[clug] Secure your Internet facing stuff (was Re: googlebot doing funny things in logs)

Sam Couter sam at couter.id.au
Fri Jun 17 03:34:38 MDT 2011


Robert Edwards <bob at cs.anu.edu.au> wrote:
> How would an un-"secured" web server at someone's home (running Myth, or
...
> little to do with running un-"secured" web servers.
...
> I can see how an un-"secured" web site could be used for the unwitting
...
> "secure". I think most of us know that most spam is not coming from
> non-"secure" home web servers...

I like the use of scare-quotes around the word security, as if it's some
imaginary concept that you don't believe in.

> I have been accused in the past of being anti-peer-to-peer because I
> won't jump onto the IPv6 bandwagon where everyone can have their own
> 2^53 static IP addresses. And yet I see this insidious trend towards
> corporate web portals (the Facebooks, Twitters, iStores etc. of the
> world) where everything on the web/Internet is centralised and
> controlled by fewer and fewer people. And many 'net users seem more and
> more happy to buy into this model. It makes them feel "safe"...

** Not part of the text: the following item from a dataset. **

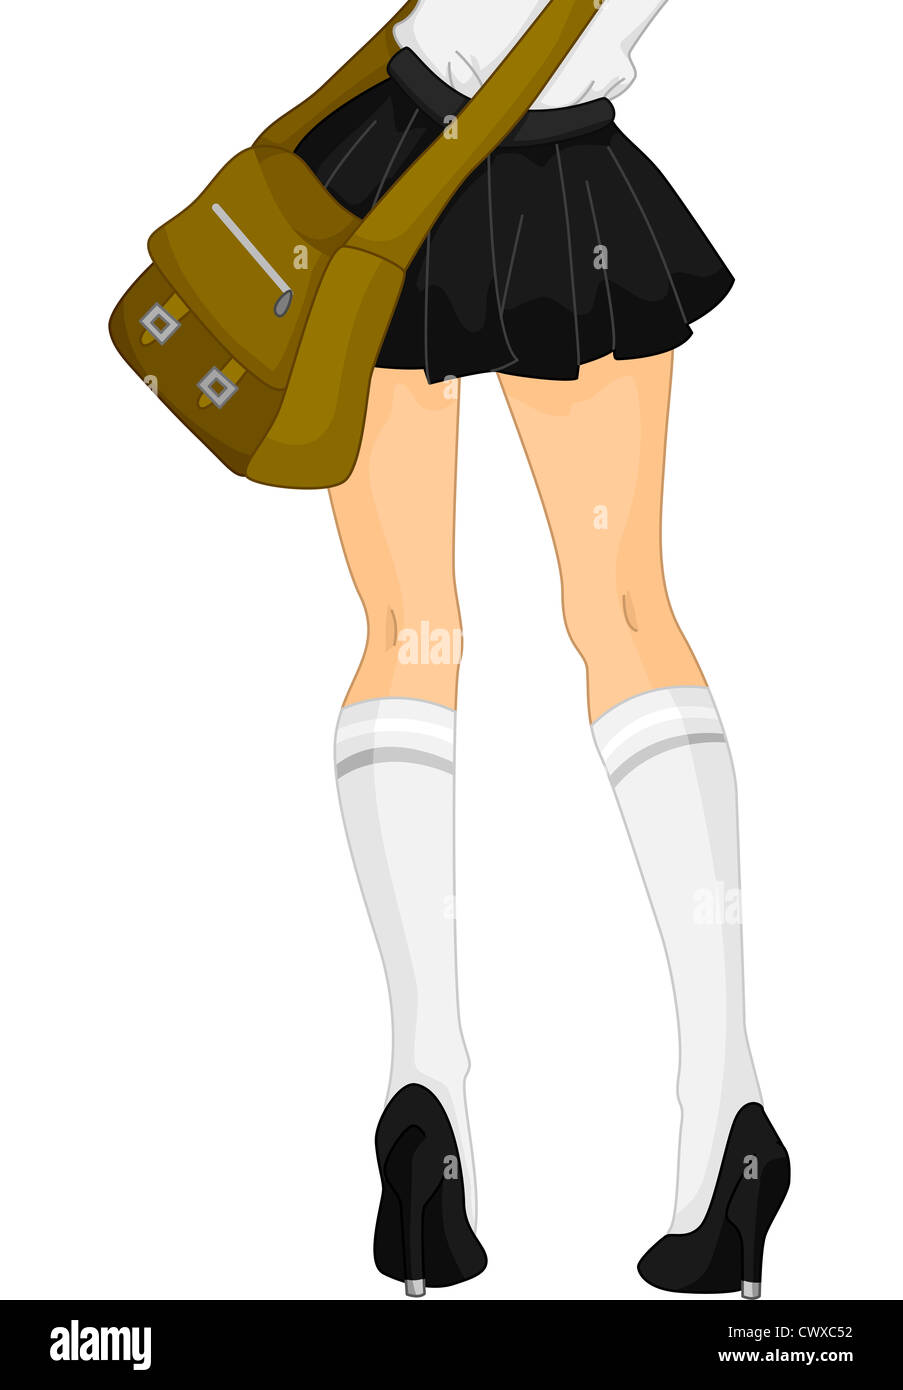 Cropped Illustration Featuring the Legs of a School Girl Wearing a Short Skirt and Knee-high Socks Stock Photo

I agree with you about the insidiousness of Facebook and other massive
asocial network sites, but I don't think they're really relevant to this
discussion.

Facebook is not popular because of security concerns. I don't believe
Facebook users really care about security at all. It's popular because
it's popular (network effect) and because it's convenient and easy.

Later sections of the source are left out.